Healing with Poisons

Healing with Poisons
Author: Yan Liu
Publisher: University of Washington Press
Total Pages: 278
Release: 2021-06-22
Genre: History
ISBN: 0295749016

Download Healing with Poisons Book in PDF, Epub and Kindle

Open access edition: DOI 10.6069/9780295749013 At first glance, medicine and poison might seem to be opposites. But in China’s formative era of pharmacy (200–800 CE), poisons were strategically employed as healing agents to cure everything from abdominal pain to epidemic disease. Healing with Poisons explores the ways physicians, religious figures, court officials, and laypersons used toxic substances to both relieve acute illnesses and enhance life. It illustrates how the Chinese concept of du—a word carrying a core meaning of “potency”—led practitioners to devise a variety of methods to transform dangerous poisons into effective medicines. Recounting scandals and controversies involving poisons from the Era of Division to the Tang, historian Yan Liu considers how the concept of du was central to how the people of medieval China perceived both their bodies and the body politic. He also examines the wide range of toxic minerals, plants, and animal products used in classical Chinese pharmacy, including everything from the herb aconite to the popular recreational drug Five-Stone Powder.
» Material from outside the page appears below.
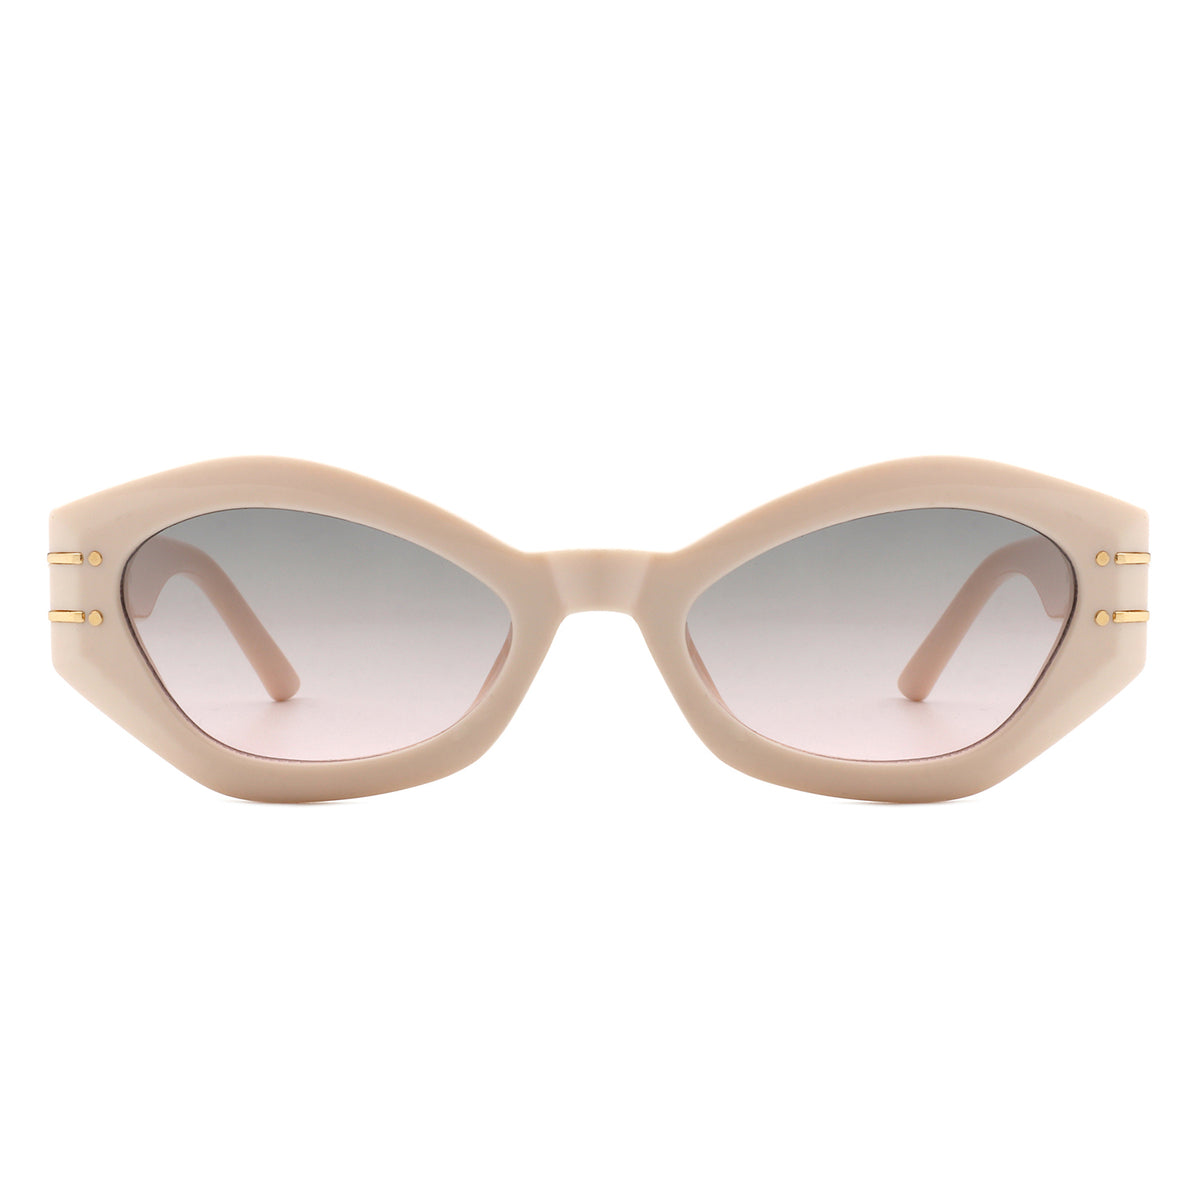 S2116 - Geometric Oval Slim Fashion Round Cat Eye Sunglasses

By recovering alternative modes of understanding wellness and the body’s interaction with foreign substances, this study cautions against arbitrary classifications and exemplifies the importance of paying attention to the technical, political, and cultural conditions in which substances become truly meaningful. Healing with Poisons is freely available in an open access edition thanks to TOME (Toward an Open Monograph Ecosystem) and the generous support of the University of Buffalo.